At least one avionic display 32 is generated on the display device 14 during operation of the system 10; the term "avionic display" is synonymous with the term "aircraft-related display" and "cockpit display" and encompasses displays generated in textual, graphical, cartographical, and other formats. The system 10 can generate various types of lateral and vertical avionic displays 32 on which map views and symbology, text annunciations, and other graphics pertaining to flight planning are presented for a pilot to view. The display device 14 is configured to continuously render at least a lateral display showing the aircraft at its current location within the map data. The avionic display 32 generated and controlled by the system 10 can include graphical user interface (GUI) objects and alphanumerical input displays of the type commonly presented on the screens of multifunction control display units (MCDUs), as well as Control Display Units (CDUs) generally. Specifically, embodiments of the avionic displays 32 include one or more two-dimensional (2D) avionic displays, such as a horizontal (i.e., lateral) navigation display or vertical navigation display (i.e., vertical situation display VSD); and/or on one or more three dimensional (3D) avionic displays, such as a Primary Flight Display (PFD) or an exocentric 3D avionic display.

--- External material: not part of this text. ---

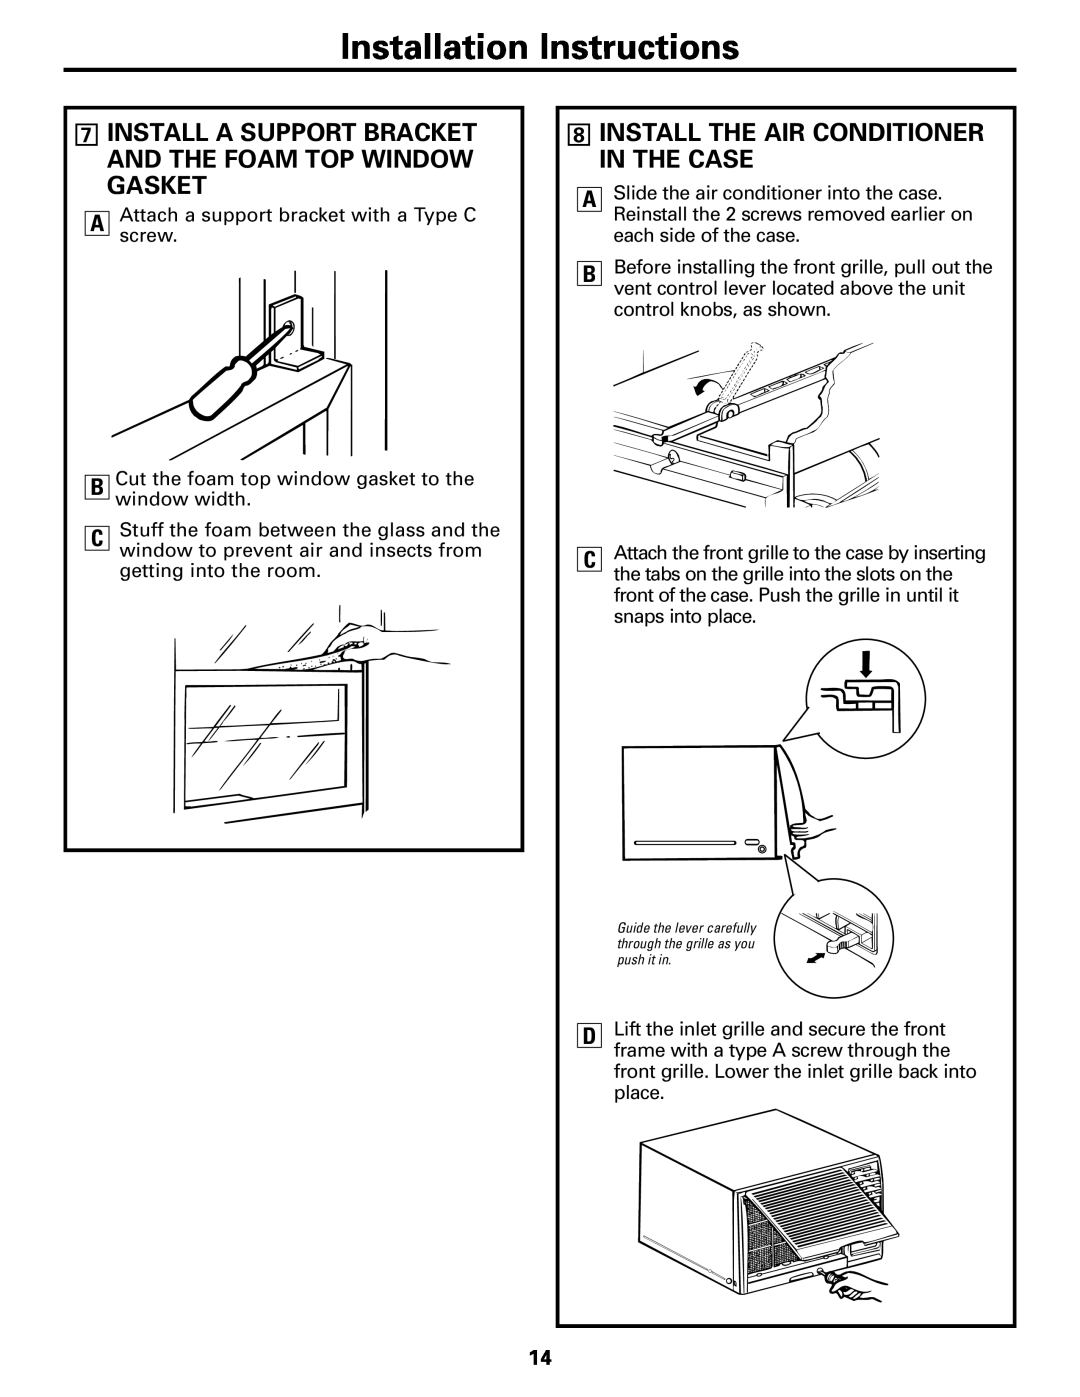 GE AGF18 operating instructions 8INSTALL THE AIR CONDITIONER IN THE CASE, Installation Instructions 
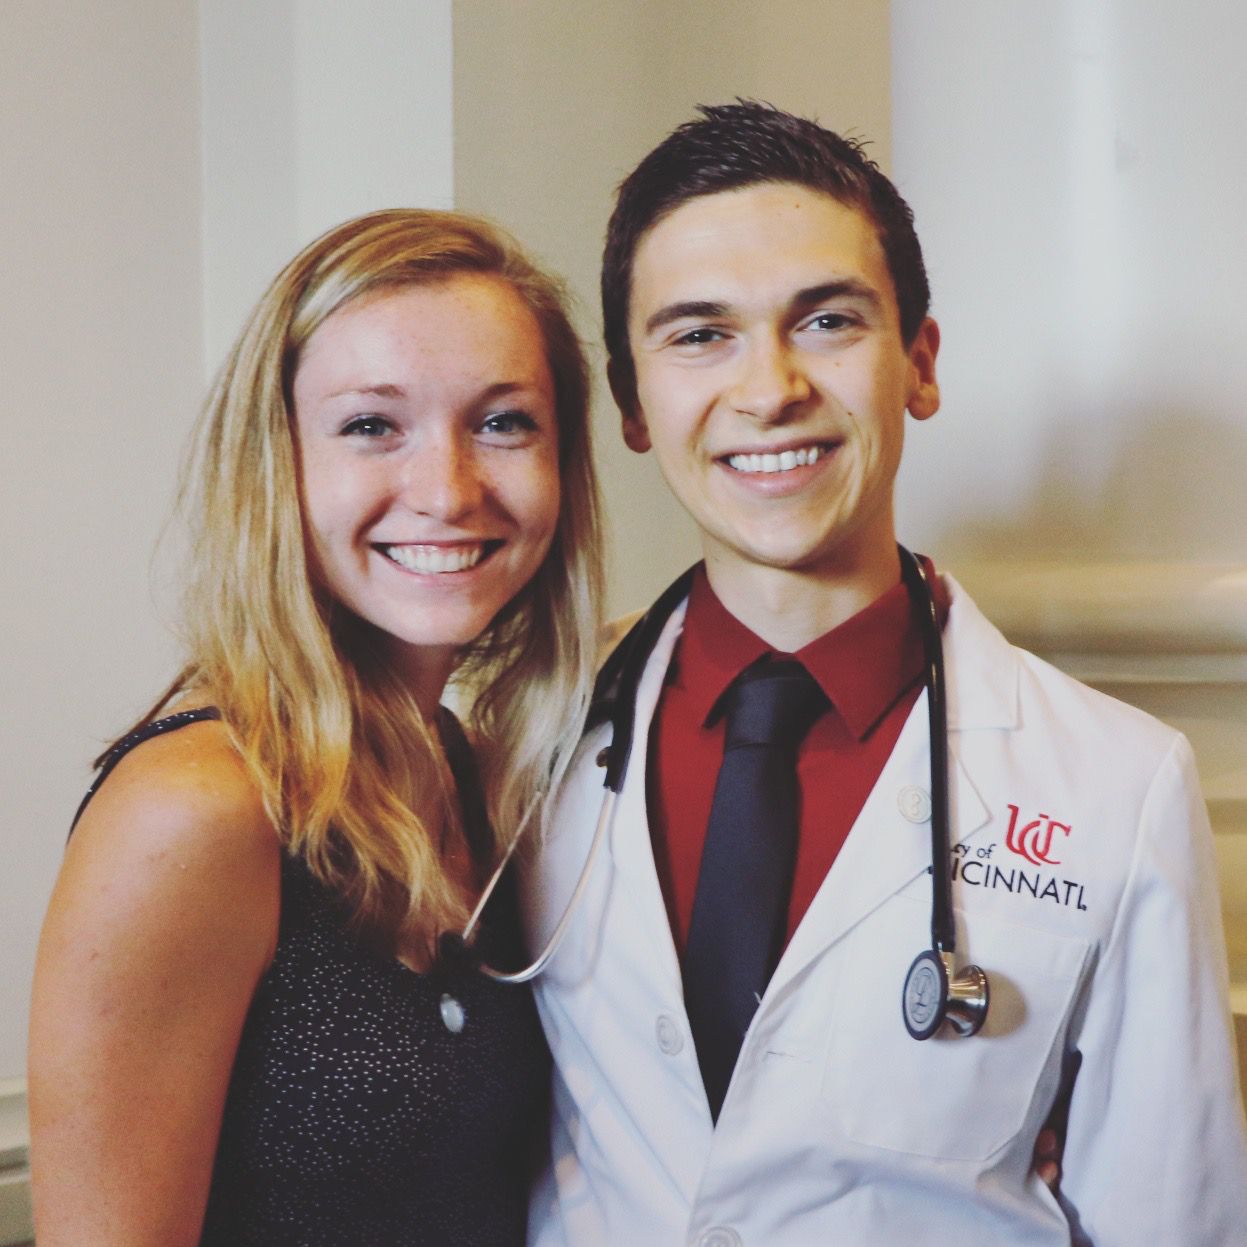 UC medical students celebrate Match Day

In various embodiments, a human-machine interface is implemented as an integration of a pilot input interface 18 and a display device 14. In various embodiments, the display device 14 is a touch screen display. In various embodiments, the human-machine interface also includes a separate pilot input interface 18 (such as a keyboard, cursor control device, voice input device, or the like), generally operationally coupled to the display device 14. Via various display and graphics systems processes, the controller circuit 12 may command and control a touch screen display device 14 to generate a variety of graphical user interface (GUI) objects or elements described herein, including, for example, buttons, sliders, and the like, which are used to prompt a user to interact with the human-machine interface to provide user input; and for the controller circuit 12 to activate respective functions and provide user feedback, responsive to received user input at the GUI element.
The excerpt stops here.